Vor allem war es ja der Publikumsbambi, das heißt die Leute haben für dich angerufen.

Ja, das ist der ehrlichste Preis, quasi vom Volk gewählt zu werden. Das war schon echt toll und den kann mir auch keiner mehr nehmen! Egal was noch kommt, ich werde für immer ein Bambi-Preisträger sein!

Euer kleiner Luis ist ja mittlerweile drei Monate alt. Gibt es einen bestimmten Song, den Du ihm am liebsten vorsingst oder -spielst?

Ich singe ihm immer wieder eigene Sachen vor. Das ist jetzt kein Lied in dem Sinne, eher kleine Jingles mit einem Chorus. Das gefällt ihm immer sehr und er fängt an zu lachen. Ich versuche auch so viel wie möglich mit ihm zu singen und nehme ihn mit ans Piano in der Hoffnung, dass er das irgendwie aufsaugt und dadurch ein eventuelles Talent, was in ihm schlummert, schon mal stimuliert wird. Meine Frau spielt auch Klavier und singt auch sehr gut. Es würde mich auf jeden Fall wundern, wenn er absolut untalentiert ist, was Musik angeht. Wir werden sehen.

Arbeitest Du derzeit an neuen Songs? Dürfen wir uns im kommenden Jahr auf ein neues Album freuen?

Oh ja! Im Herbst des nächsten Jahres kommt ein neues Album. Aber es gibt auch dieses Jahr noch einen neuen Song, und zwar am 14. Dezember. Das ist ein Song aus der ESC-Zeit, weil viele immer gefragt haben, ob man nicht auch die anderen Songs zu hören bekommen kann, die ich damals geschrieben habe. Also haben wir uns entschieden, diesen einen Song zu veröffentlichen. Es wird eine Ballade sein über das gleiche Thema wie „You Let Me Walk Alone“. Es ist einfach ein schöner Song bei dem ich dachte, dass wir den gern als Weihnachts-Goodie veröffentlichen wollen. Damit die Leute auch hören können, was ich damals alles getrieben habe und ich bin einfach auch total stolz auf den Song. Es wird darüber hinaus noch einen weiteren Song dieses Jahr geben, ein Projekt mit einem Radiosender. Es kommt also auf jeden Fall noch etwas an Musik dieses Jahr. Ich schreibe außerdem gerade schon wieder fleißig für die nächste richtige Single, die Ende Januar/Anfang Februar erscheinen soll. Dementsprechend ist gerade alles „on fire“. Und da wir im Januar nach Neuseeland in den Urlaub fliegen bis zu Teil zwei der Tour, muss praktisch dieses Jahr noch alles im Kasten sein. Sonst könnte ich mir nicht erlauben, drei bis vier Wochen weg zu sein.

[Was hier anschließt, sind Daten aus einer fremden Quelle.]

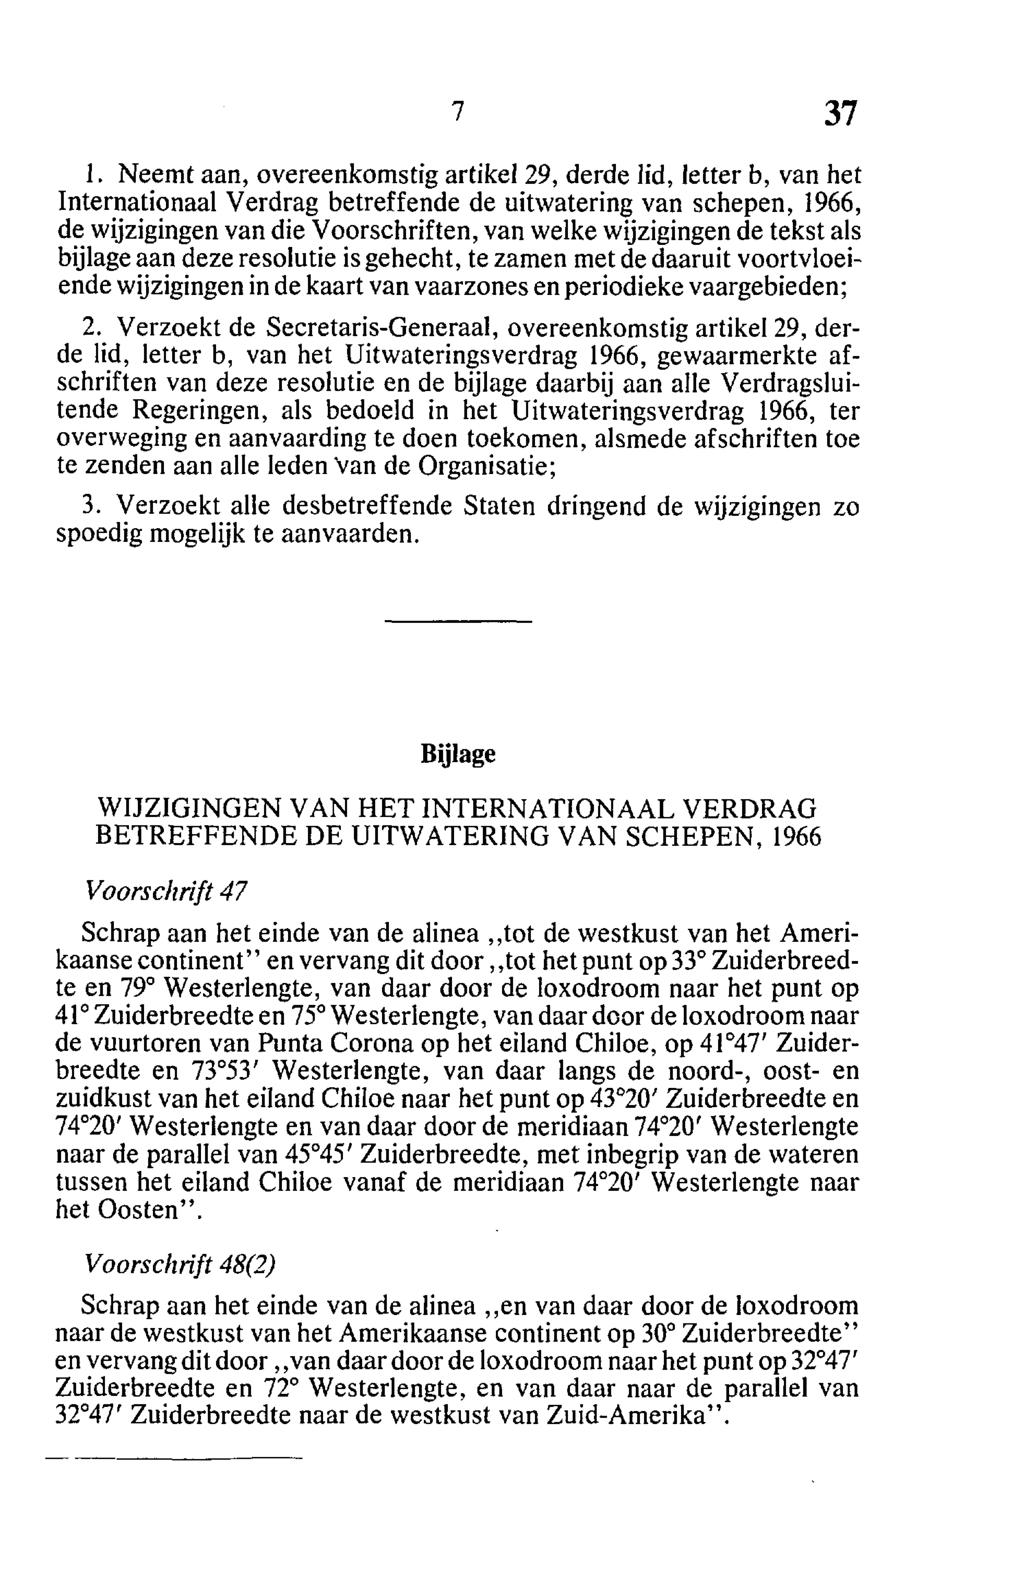 1. Neemt aan, overeenkomstig artikel 29, derde lid, letter b, van het Internationaal Verdrag betreffende de uitwatering van schepen, 1966, de wijzigingen van die Voorschriften, van welke wijzigingen

Du warst ja nun auf Teil 1 deiner Dreamer-Tour unterwegs in Deutschland. Wie hast Du das empfunden? Deine Auftritte in größeren Locations und vor mehr Publikum?

Das ist schon echt toll! Dass so große Läden alle fast komplett ausverkauft sind. Gestern habe ich im Gruenspan in Hamburg gespielt, wo alles angefangen hat : Damals mit Max Giesinger, die erste Headliner-Tour. Und jetzt nach fünf Jahren, in denen ich auch deutlich kleinere Läden gespielt habe, wieder in nem vollen Gruenspan zu stehen, das war schon toll! Man entwickelt sich natürlich weiter. Ich habe das Gefühl, dass ich dieses Jahr, gerade auch mit der neuen Tour, ein neues Level erreicht wurde. Es wird zudem alles immer professioneller. Wir haben aktuell zum ersten Mal einen Lichttechniker dabei. Das kostet natürlich alles Geld, aber wir können uns das nun leisten und können nach und nach alles ein bisschen größer aufbauen. Max (Giesinger) hat diese Wachstumsphasen ja auch durchlebt, mittlerweile sind die mit fast 20 Leuten unterwegs, eine riesige Produktion! Wir arbeiten fleißig daran, immer größer und immer cooler zu werden. Und Wir sind da definitiv auf nem guten Weg!